When you reach the line containing "#Alice in #berlin", begin reproducing the material exactly, stop after the line containing "#streetart #graffiti #berlinstreetart", and leave out any pictures along the way.

DATA LISTING:
>>

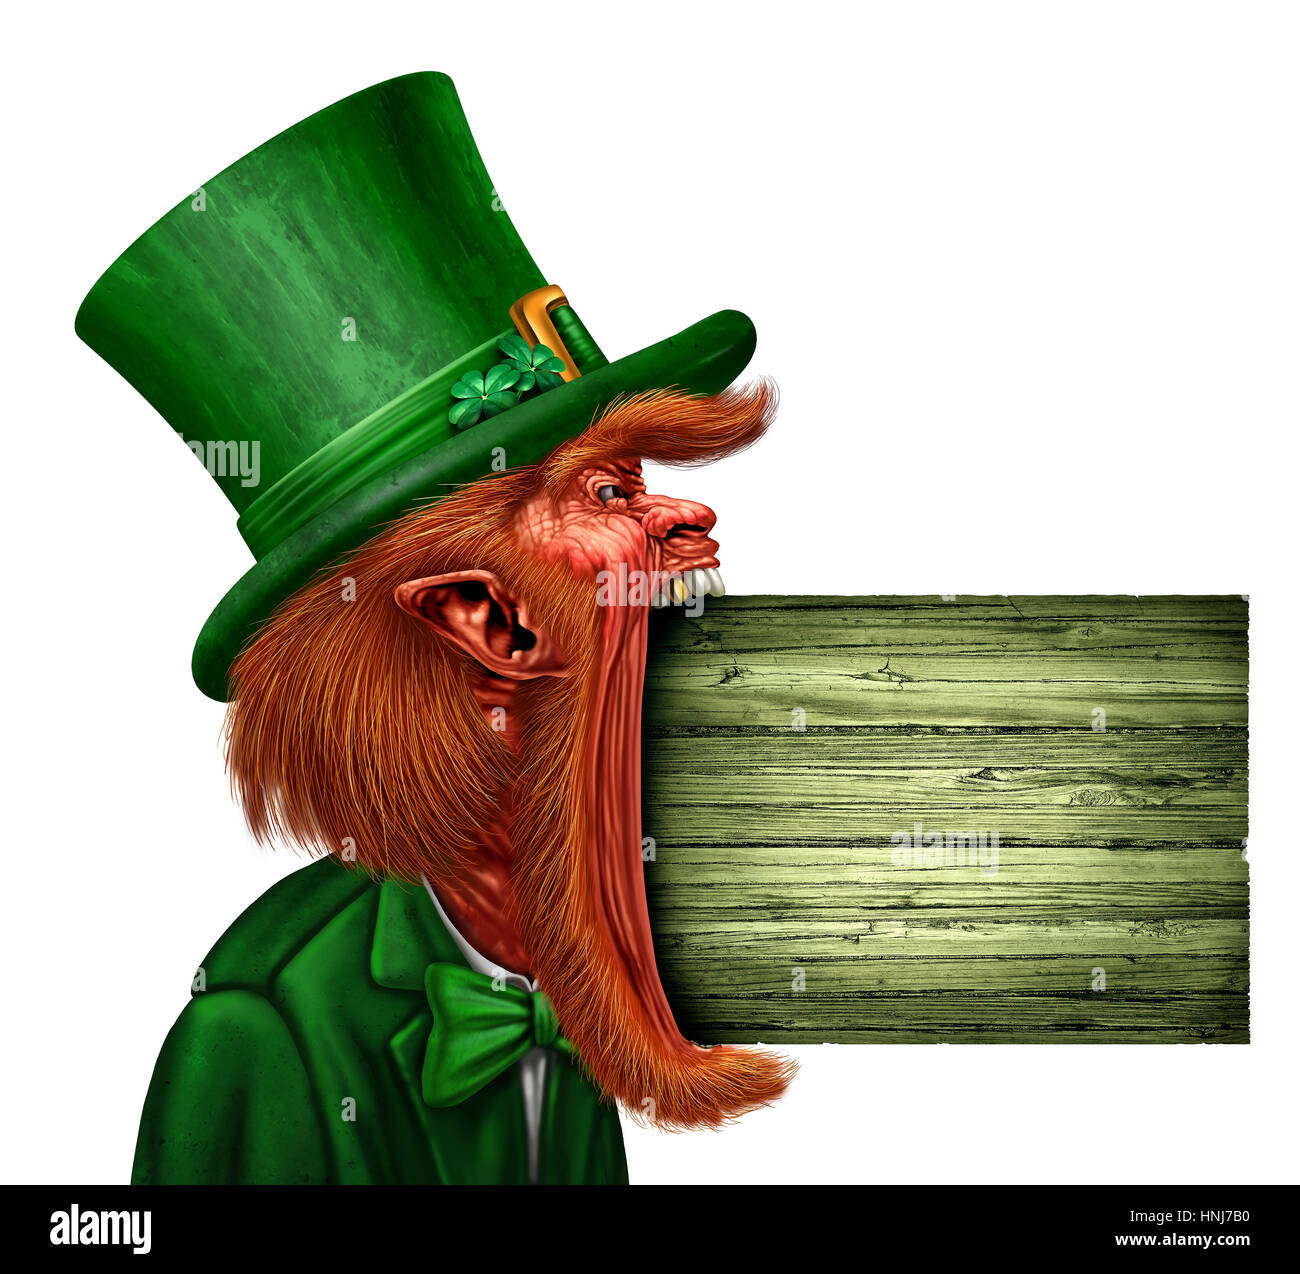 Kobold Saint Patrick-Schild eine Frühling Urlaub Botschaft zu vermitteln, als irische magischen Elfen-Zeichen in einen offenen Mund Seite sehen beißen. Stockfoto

<<
>>

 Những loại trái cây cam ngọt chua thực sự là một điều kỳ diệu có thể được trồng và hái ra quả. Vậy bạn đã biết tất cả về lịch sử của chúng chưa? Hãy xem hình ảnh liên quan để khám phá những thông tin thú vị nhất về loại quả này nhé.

<<
>>

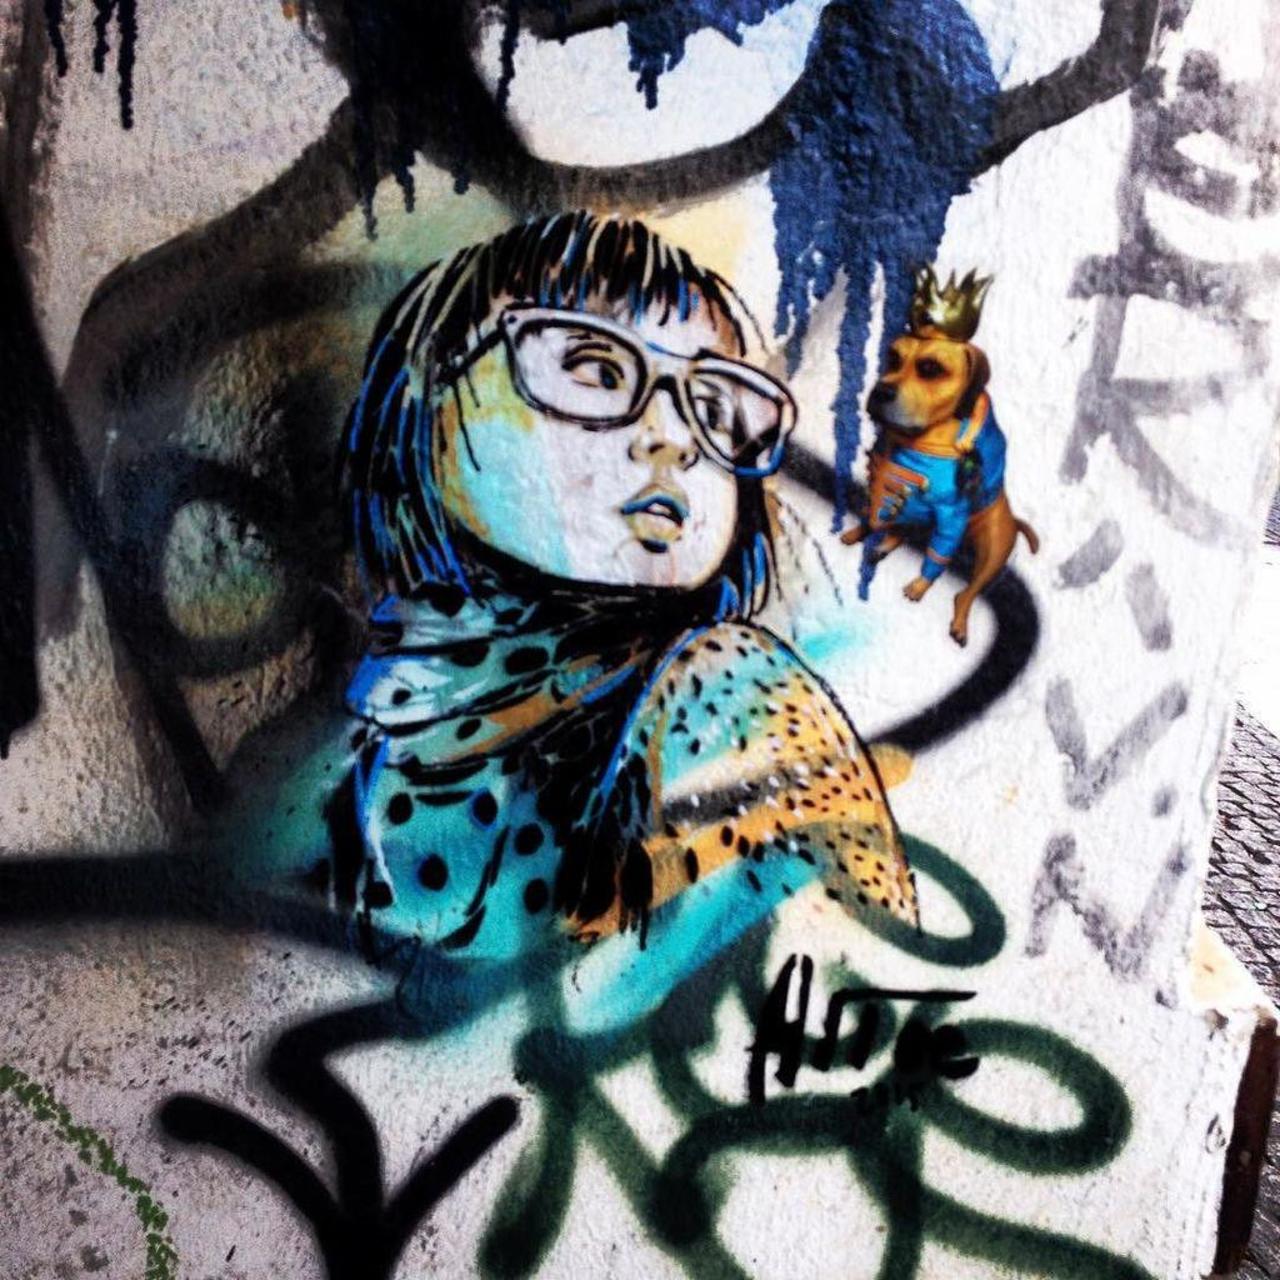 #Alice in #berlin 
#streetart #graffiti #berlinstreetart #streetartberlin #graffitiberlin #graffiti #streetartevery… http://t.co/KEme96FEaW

<<

TASK RESULT:
 #Alice in #berlin 
#streetart #graffiti #berlinstreetart #streetartberlin #graffitiberlin #graffiti #streetartevery… http://t.co/KEme96FEaW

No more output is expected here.